Nancy Dowd really had an interesting career. I had no idea she wrote this. She wrote one of my favorite movies---that probably occupied a similar place in my adolescence as this did in yours---SLAP SHOT. Another really unsparing look at a screwed-over blue-collar town. Here's to her! (Now I want to do some research for a Nancy Dowd post...)

That Fuzzy Bastard said...

Love love love this movie. Such great visual observations---the hair montage, when The Stains first come on stage and all the women in the audience react, is a moment so sharp that it surprised me to discover that an avuncular straight man directed the movie.

And you're absolutely right about Corinne as "a creature of pure resentment and anger"---very, very few movies have the nerve to make their female protagonist such a jerk as this one does. But unlike the heroine of Election, Corinne is nobody's fool. And that's a big part of her ultimate monstrousness. Most movies romantically cling to the idea that suffering ennobles, but this one has the guts to show someone who's suffered enough to cut out her own humanity, which is precisely what makes her so charismatic.

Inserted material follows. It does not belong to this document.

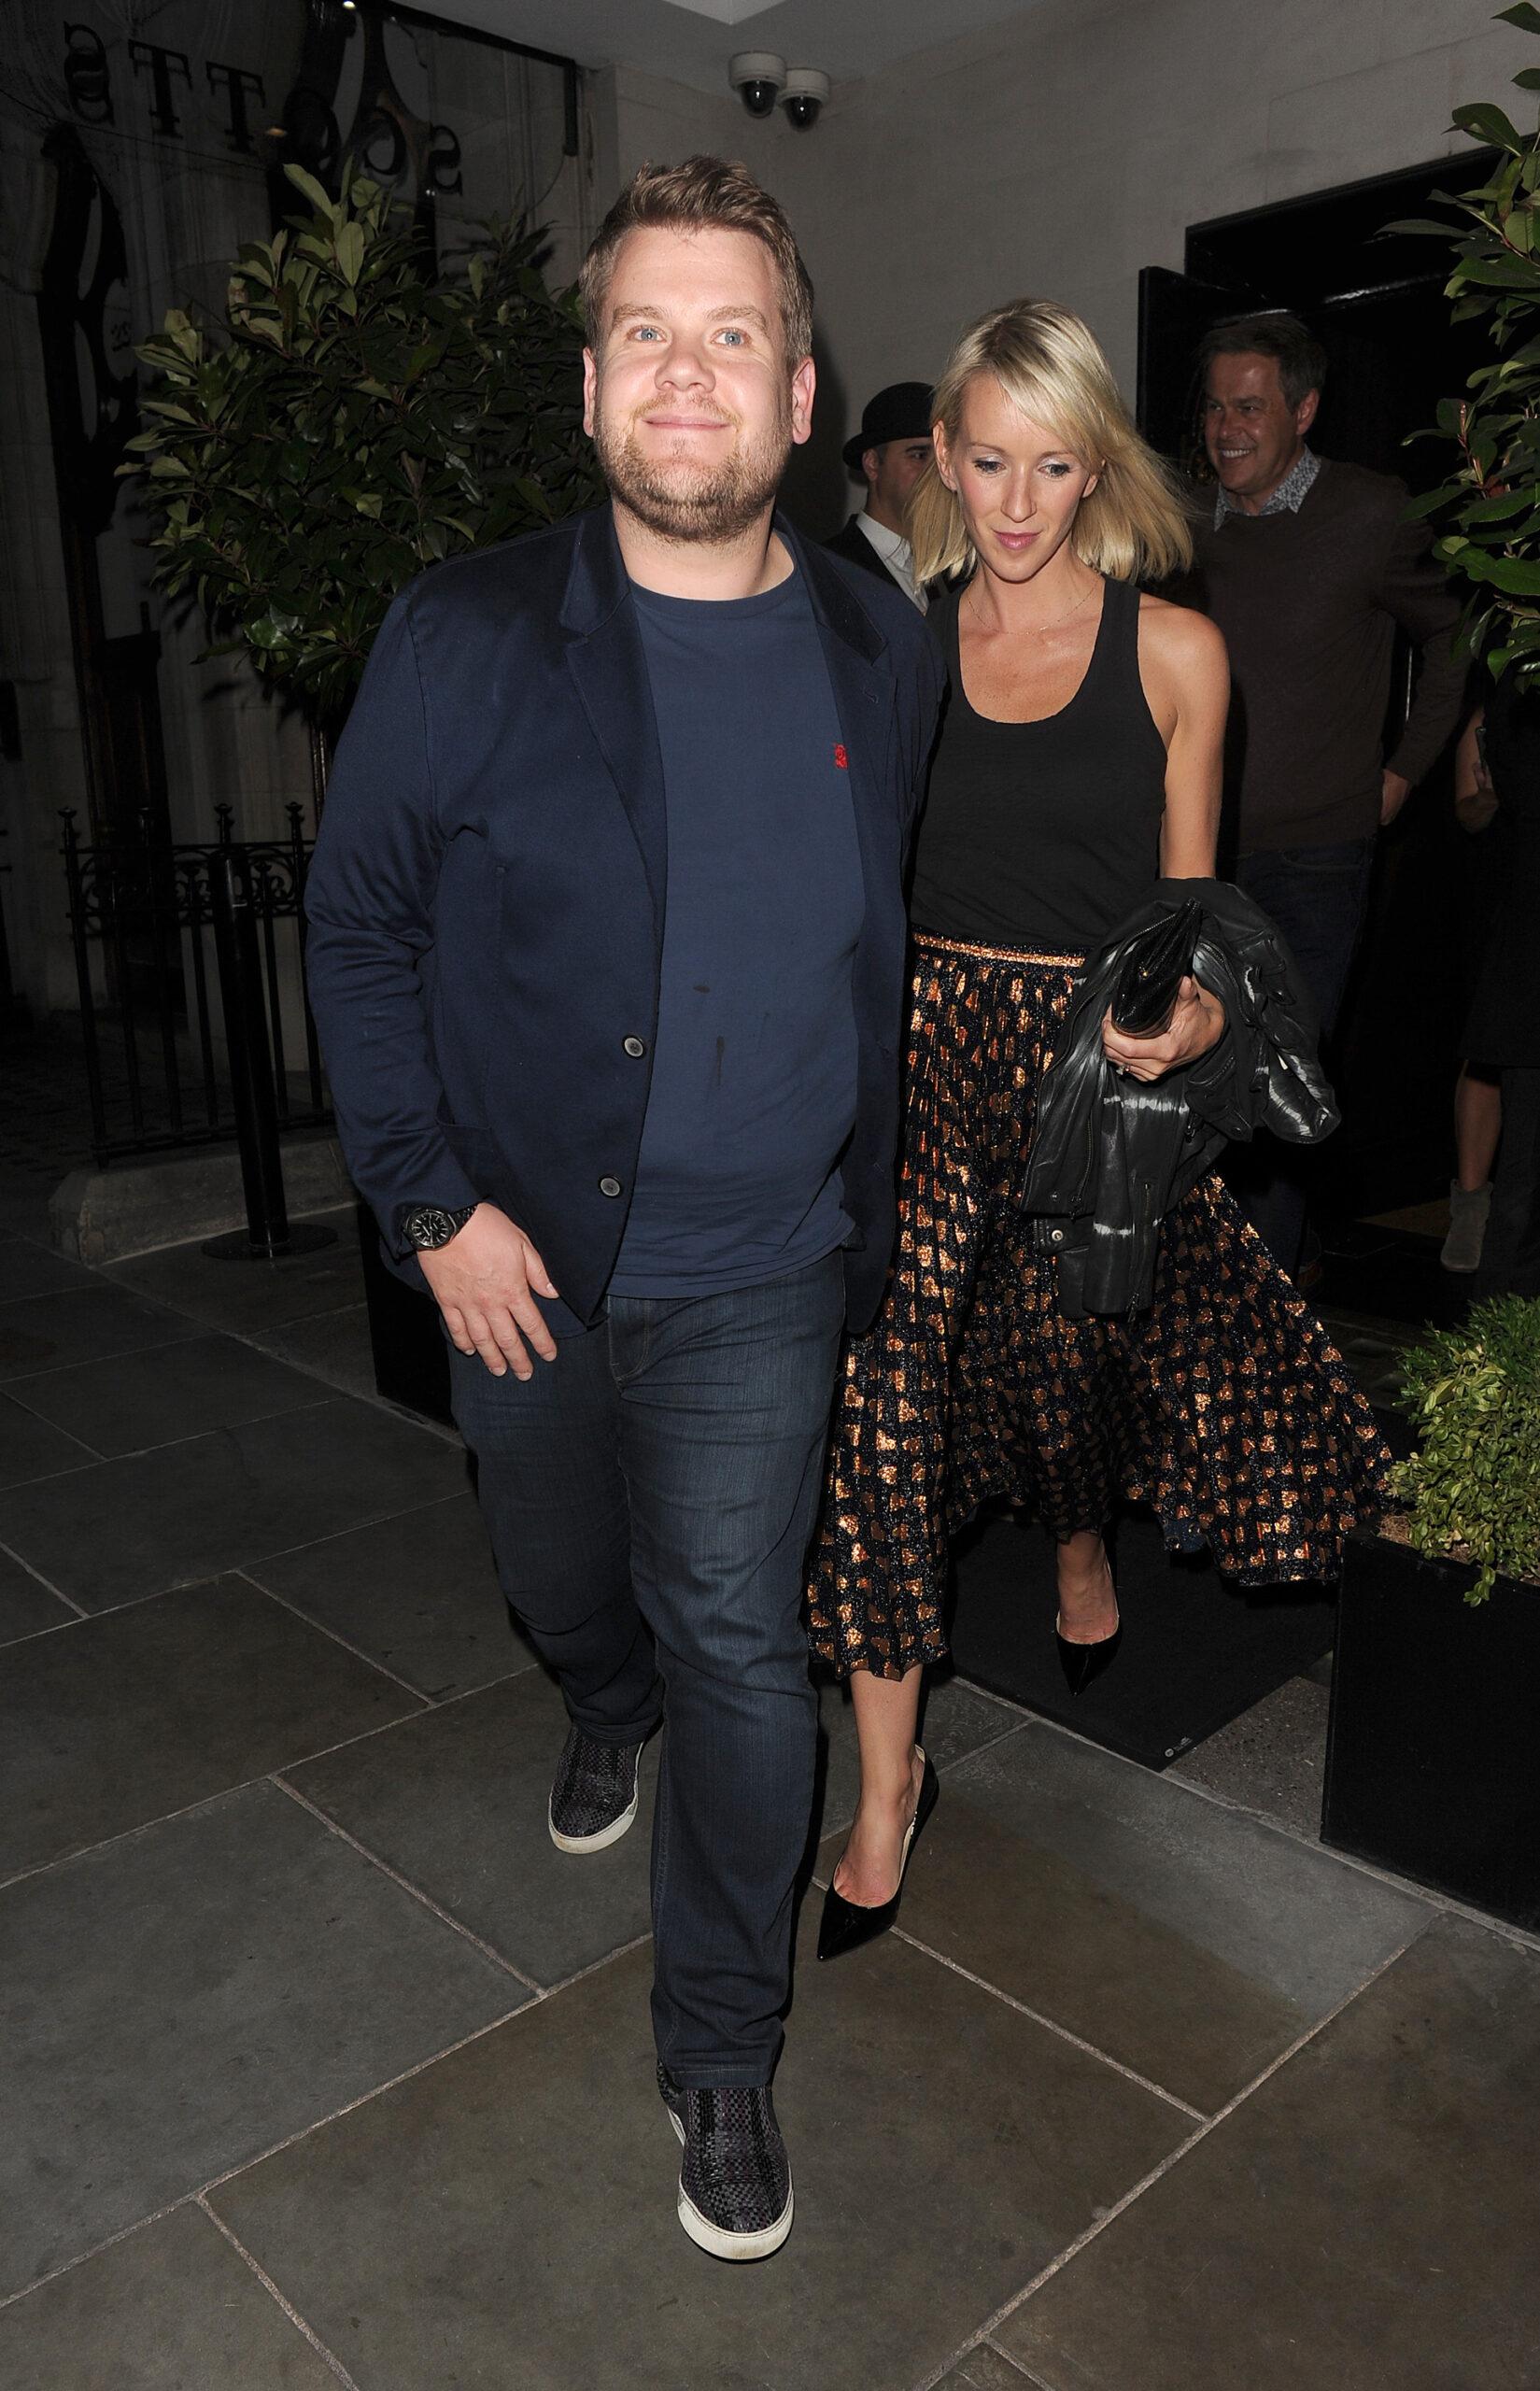 James Corden enjoys a long dinner with his wife Julia Carey at Scott apos s seafood restaurant in Mayfair The couple were joined by entrepreneur and star of TV show apos Dragon apos s Den apos Peter Jones and his partner Tara Capp

I also love how Stains applies a punk critique to the standard rock-movie template. Unlike in damn-near-every-other rise-and-fall rock movie, Stains suggests that becoming a monster isn't a character flaw inextricable from genius, it's the goal of the system. But---and this distinguishes it from some of the more sour satires of rock culture---that doesn't invalidate the fans' love, and the real inspiration they get from the band even as the band is drifting away from their own inspiration. At the end of the movie, when the Stains' ripoff hit single becomes a completely toothless New Wave hit (complete with dumbass Pvt. Benjamin-style video), the original Shaggs-inspired song-from-the-heart, "Waste of Time", lives on in the circle of girls in the parking lot party, and Corinne's final look suggests that she knows exactly what she's unleashed, even though she can never be part of it.

I often say that the distinguishing characteristic of a truly smart piece of art is its ability to keep two ideas in its head at the same time. This one has five or six, many of them in direct opposition. It's freakin' brilliant.